Added Style parameter to replace_path_prefix, as suggested.
This allowed to make the replace_path_prefix unit-test platform independent, removing a #ifdef _WIN32 that I added in a previous version of the patch.

The tests ninja check-all passed on windows.
@amccarth : Does it cover all the VFS tests you suggested that I double-check?

I think this is pretty close now.

llvm/lib/Support/Path.cpp
510

I don't have an opinion on how to handle the Unicode/case issues. I don't know how important "perfect" case handling is or whether it should block "good enough" given that we don't have it know and this will help many. So I'm not going to block on that unless somebody with more info or stronger opinions chimes in.

[I just read that Windows 10 is now letting people experiment with case-sensitive portions of a file system. So who knows where this is going in the future!]

519

I like that this has the style parameter now. Thanks!

But naming it PrefixStyle seems odd. It suggests that it applies to all of the OldPrefix and NewPrefix but not the Path. Can you call it simply style to be consistent with most everything else in this path support file?

llvm/unittests/Support/Path.cpp
1342

No #ifdef in the test now. Yay!

@amccarth : Does it cover all the VFS tests you suggested that I double-check?

Yes. Thanks.

dankm added a comment.May 5 2020, 8:35 PM

I like the idea of this, and fits what I had in mind for the original D49466 review. I want to take a closer look, but right now LGTM.

saudi updated this revision to Diff 262368.May 6 2020, 7:03 AM

Renamed the argument PrefixStyle to style.

Not that it matches the rest of other arguments declared in Path.h, however it doesn't follow the LLVM code guidelines.

replace_path_prefix is currently the only function there with CamelCase arguments OldPrefix and NewPrefix.
Should-I rename those to oldPrefix and newPrefix to be more homogenous with the rest of the file?

I suppose the other choice would be to rename the style parameter, e.g. Style St

saudi updated this revision to Diff 262371.May 6 2020, 7:06 AM

(missed rename PrefixStyle to style in comment)

amccarth accepted this revision.May 6 2020, 8:14 AM

LGTM. Thanks.

I'm less worried about the details of style (like camel casing), since I have the impression things are changing. In general, stick to prevalent style of the file when it's discernable. My issue with PrefixStyle was that the name could be confusing.

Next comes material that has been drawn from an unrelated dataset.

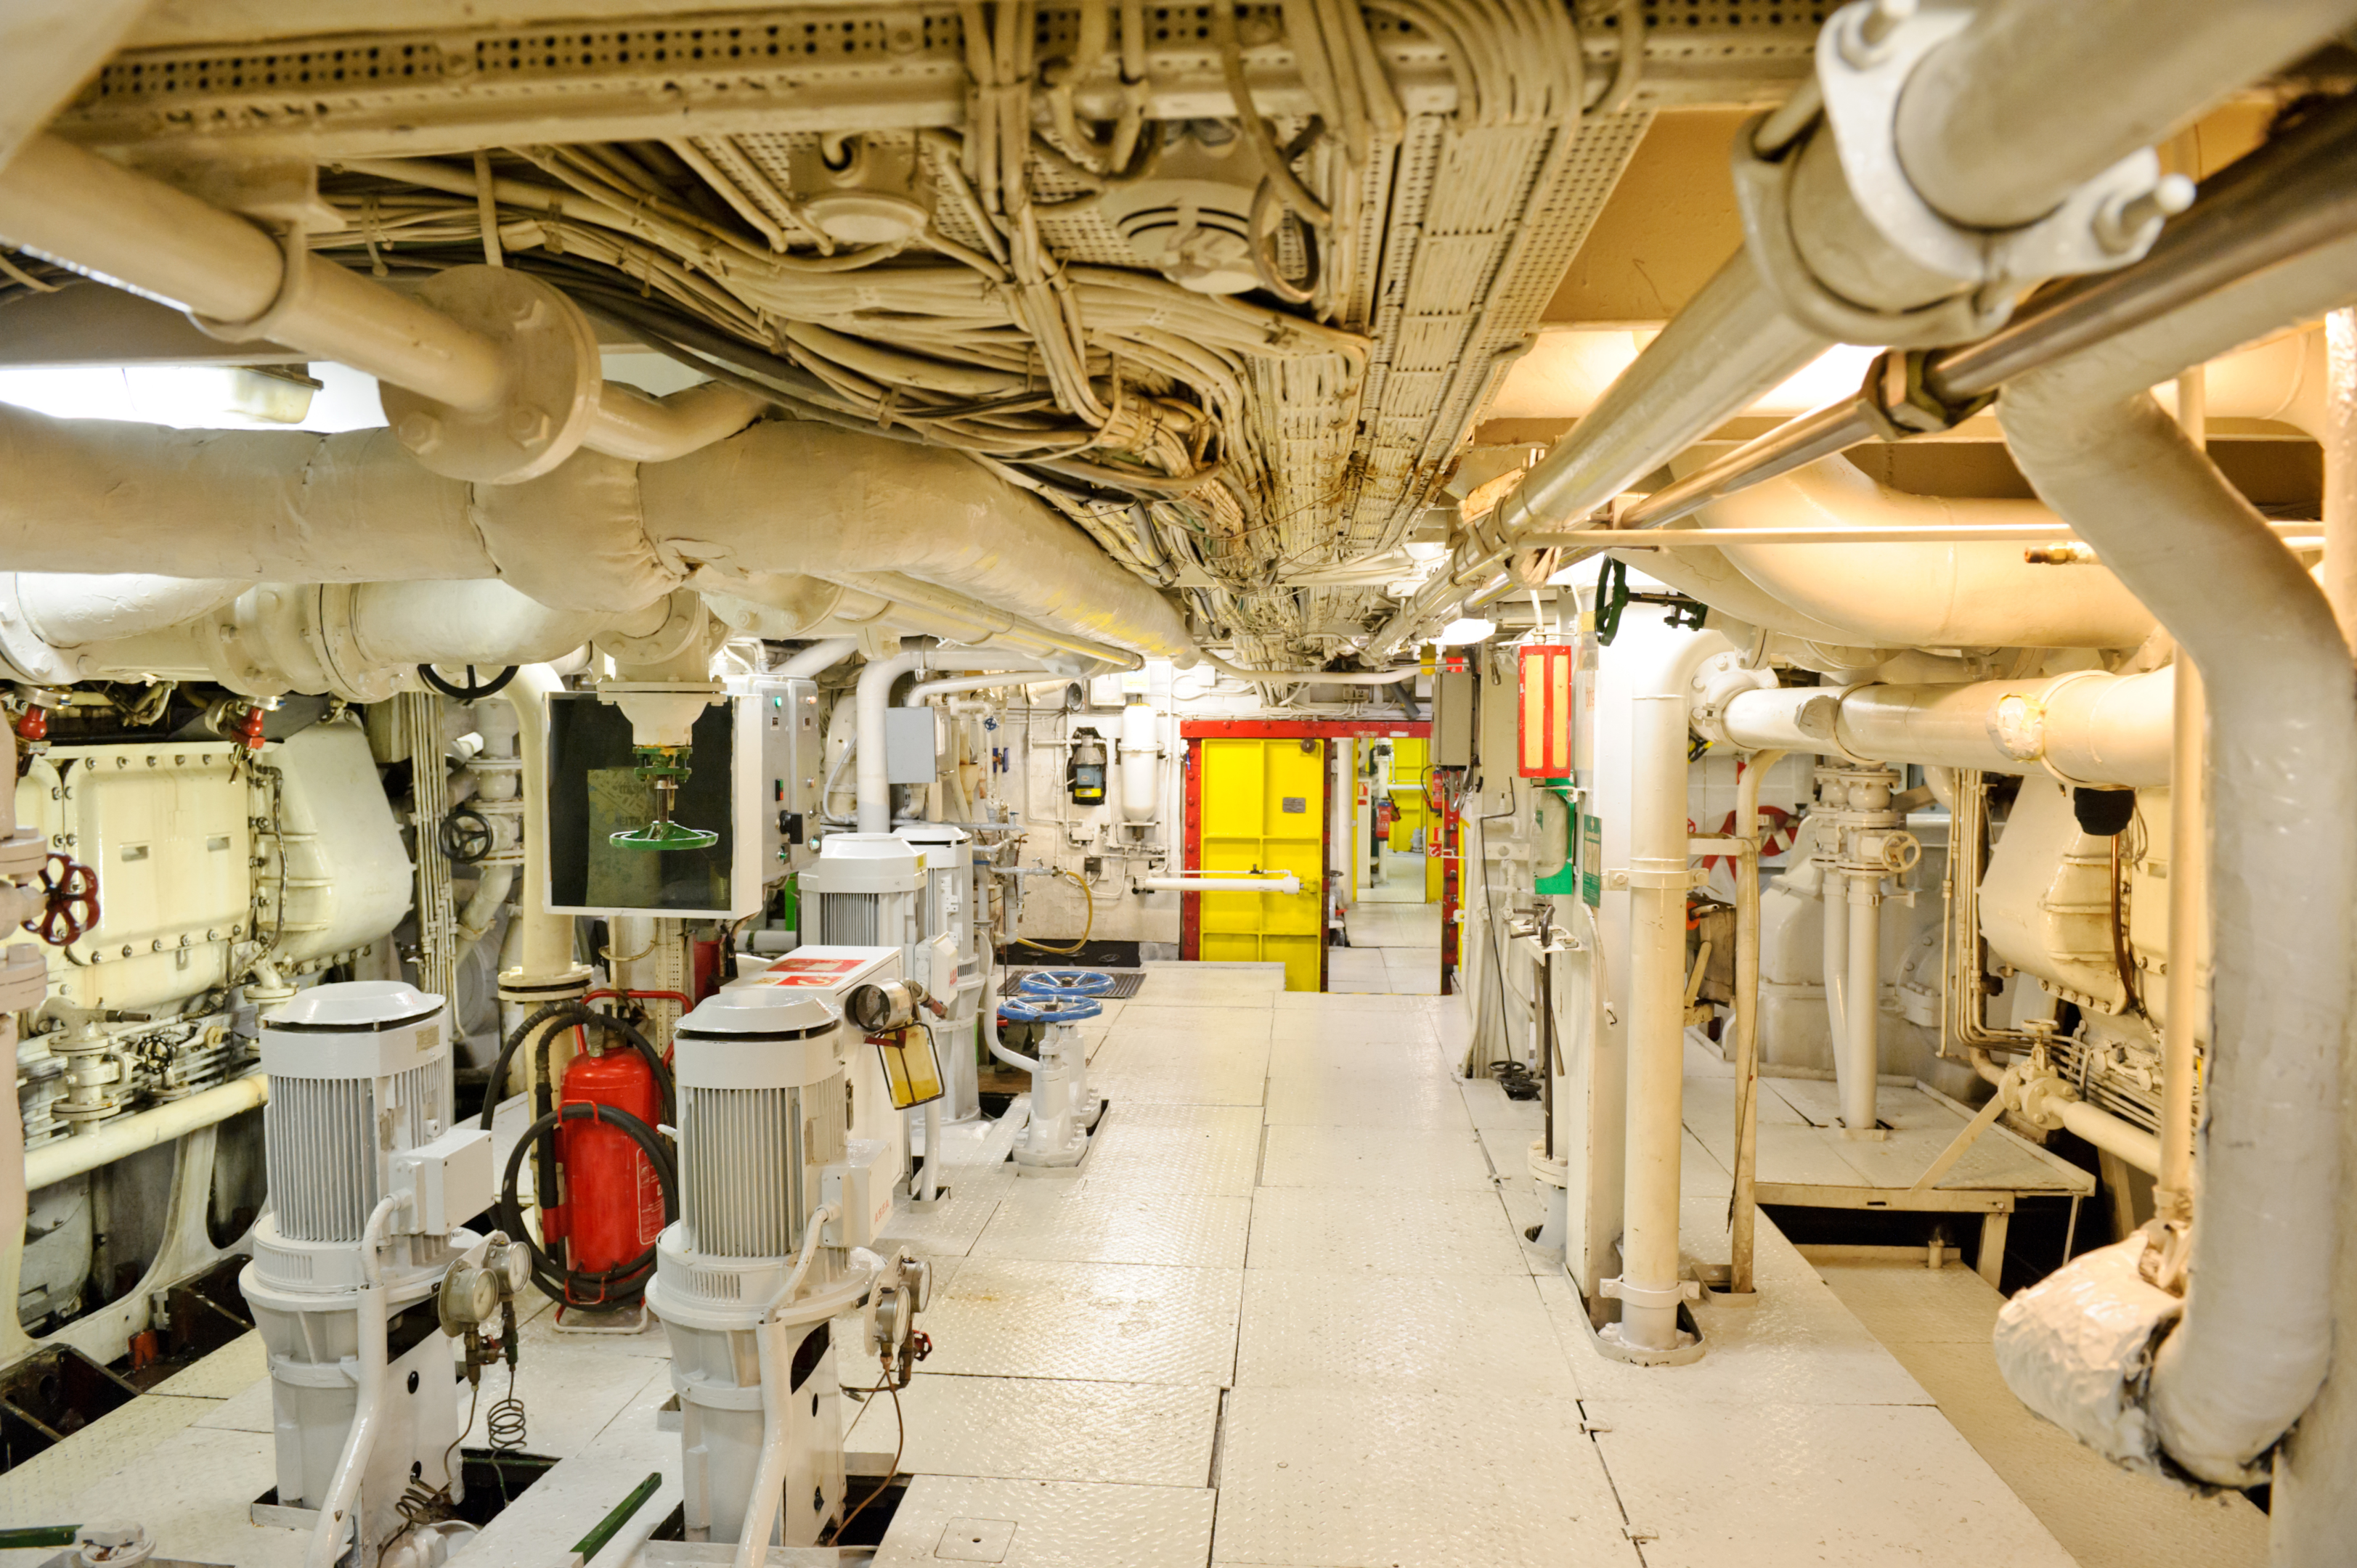 A boat engine room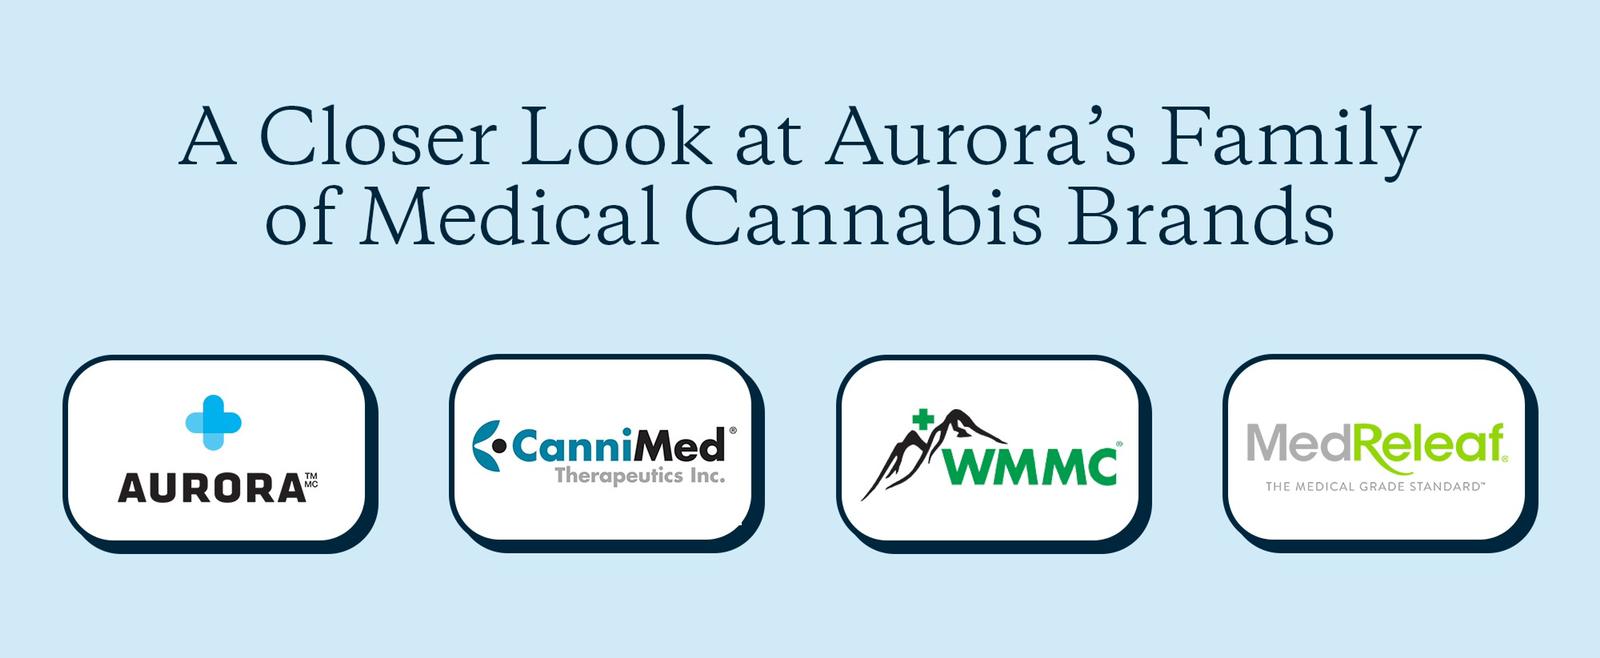 A Closer Look at Aurora’s Family of Medical Cannabis Brands

saudi added a comment.May 6 2020, 8:37 AM

LGTM. Thanks.

I'm less worried about the details of style (like camel casing), since I have the impression things are changing. In general, stick to prevalent style of the file when it's discernable. My issue with PrefixStyle was that the name could be confusing.

Thanks!
@MaskRay, are you ok with this patch? I think it needs your approval, as it doesn't show as "Ready to land".

saudi marked 4 inline comments as done.May 12 2020, 8:48 AM
saudi added a comment.May 12 2020, 8:59 AM

Ping! @MaskRay you are a blocking reviewer, would you mind taking a final look please?

MaskRay accepted this revision.May 12 2020, 9:17 AM

Ah sorry for the delay. I just trust Adrian's resolution:)

This revision is now accepted and ready to land.May 12 2020, 9:17 AM
MaskRay added inline comments.May 12 2020, 9:18 AM
clang/lib/Lex/PPMacroExpansion.cpp
1545

Does this need to be swapped?

saudi marked an inline comment as done.May 12 2020, 11:31 AM
saudi added inline comments.
clang/lib/Lex/PPMacroExpansion.cpp
1545

Lexer::Stringify doubles backslashes in Windows-style paths.

So, without this patch, using the -fmacro-prefix-map=[X]:[Y] requires doubling backslashes for [X], whereas -fdebug-prefix-map= requires single backslashes.

Also, in the tests : %clang -E -fmacro-prefix-map=%p=A:\UNLIKELY_PATH=empty would never match %p prefix on Windows platform, as %p contains single blackslashes.